South Front further detailed instances of documented ISIS and al-Qaeda possession of the FN-6 system in Iraq, Syria, and Lebanon - and concluded (like innumerable other reports) that it was only a matter of time before ISIS and other terror groups would become the main beneficiaries of the bulk of advanced missile systems which were being handed out in Syria. The New York Times as early as 2013, for example, reported Qatar's sending MANPADS into Syria and discussed the likelihood of these going straight to Al-Qaeda. The report bluntly stated, "The missiles, American officials warned, could one day be used by terrorist groups, some of them affiliated with Al Qaeda, to shoot down civilian aircraft."

Meanwhile, hawks in Congress have at various times over the course of the 6-year long war argued for openly supplying so-called "moderate" opposition factions in Syria with US made Stinger missiles. Though it's unknown for sure whether US sourced Stingers ever made it to Syria as part of the CIA's covert program, sporadic reports of Stingers in the hands of anti-Assad fighters have surfaced over the years. 

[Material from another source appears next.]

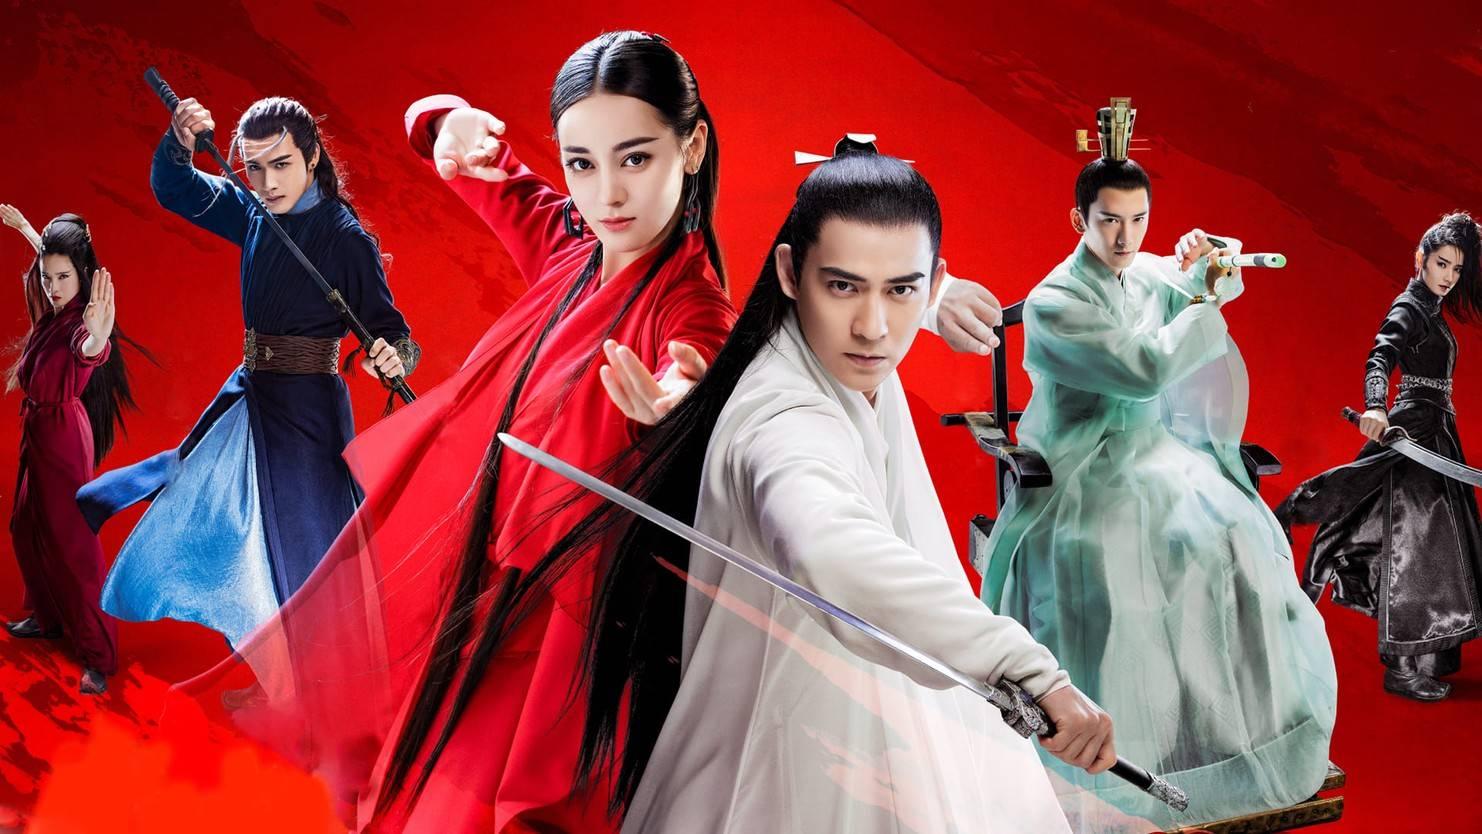 Top những bộ phim kiếm hiệp Trung Quốc hay nhất 2018 và 2019

But the threat of such weapons taking out civilian passenger jets is very real, as history proves. The US Department of State counted that 40 civilian aircraft have been hit by MANPADS since the 1970s, which includes the complete downing of 28 civilian airliners resulting in over 800 fatalities. The State Department's official report on MANPADS and civilian aircraft provides the following partial list of attacks on civilian aviation:

  • March 12, 1975: A Douglas C-54D-5-DC passenger airliner, operated by Air Vietnam, crashed into Vietnamese territory after being hit by a MANPADS. All six crew members and 20 passengers were killed in the crash.
  • September 3, 1978: An Air Rhodesia Vickers 782D Viscount passenger airliner crash landed after being hit by a MANPADS fired by forces from the Zimbabwe Peoples Revolution Army. Four crew members and 34 of the 56 passengers were killed in the crash.
  • December 19, 1988: Two Douglas DC-7 spray aircraft en route from Senegal to Morocco, chartered by the U.S. Agency for International Development to eradicate locusts, were struck by MANPADS fired by POLISARIO militants in the Western Sahara. One DC-7 crashed killing all 5 crew members. The other DC-7 landed safely in Morocco.
  • September 22, 1993: A Tupolev 154B aircraft operated by Transair Georgia was shot down by Abkhazian separatist forces, crashed onto the runway and caught fire, killing 108.
  • April 6, 1994: A Dassault Mystère-Falcon 50 executive jet carrying the Presidents of Rwanda and Burundi and its French flight crew was shot down over Kigali, killing all aboard and sparking massive ethnic violence and regional conflict.
  • October 10, 1998: A Boeing 727-30 Lignes Aeriennes Congolaises airliner was downed over the Democratic Republic of the Congo jungle by Tutsi militia, killing 41.
  • December 26, 1998: A United Nations-chartered Lockheed C-130 Hercules transport was shot down over Angola by UNITA forces, killing 14.
  • January 2, 1999: A United Nations Lockheed L-100-30 Hercules transport was shot down by UNITA forces in Angola, killing 9.
  • November 28, 2002: Terrorists fired two MANPADS at an Arkia Airlines Boeing 757-3E7 with 271 passengers and crew as it took off from Mombasa, Kenya. Both missiles missed.
  • November 22, 2003: A DHL Airbus A300B4-203F cargo jet transporting mail in Iraq was struck and damaged by a MANPADS. Though hit in the left fuel tank, the plane was able to return to the Baghdad airport and land safely.
  • March 23, 2007: A Transaviaexport Ilyushin 76TD cargo plane was shot down over Mogadishu, Somalia, killing the entire crew of 11.

With the Lebanese Army's alarming announcement that it has recovered MANPADS previously in the possession of ISIS, and with such dangerous weapons systems remaining ubiquitous in rebel-held parts of Syria, we hesitate to ponder the nightmarish scenario: is it only a matter of time before ISIS downs a civilian passenger jet?

International weapons inspectors should be allowed access to the recovered ISIS stockpile and weapons should be traced to their sources and countries of origin. As has been effectively demonstrated a number of times before, it is very possible to obtain definitive answers concerning how these missiles made it into the hands of ISIS in the first place.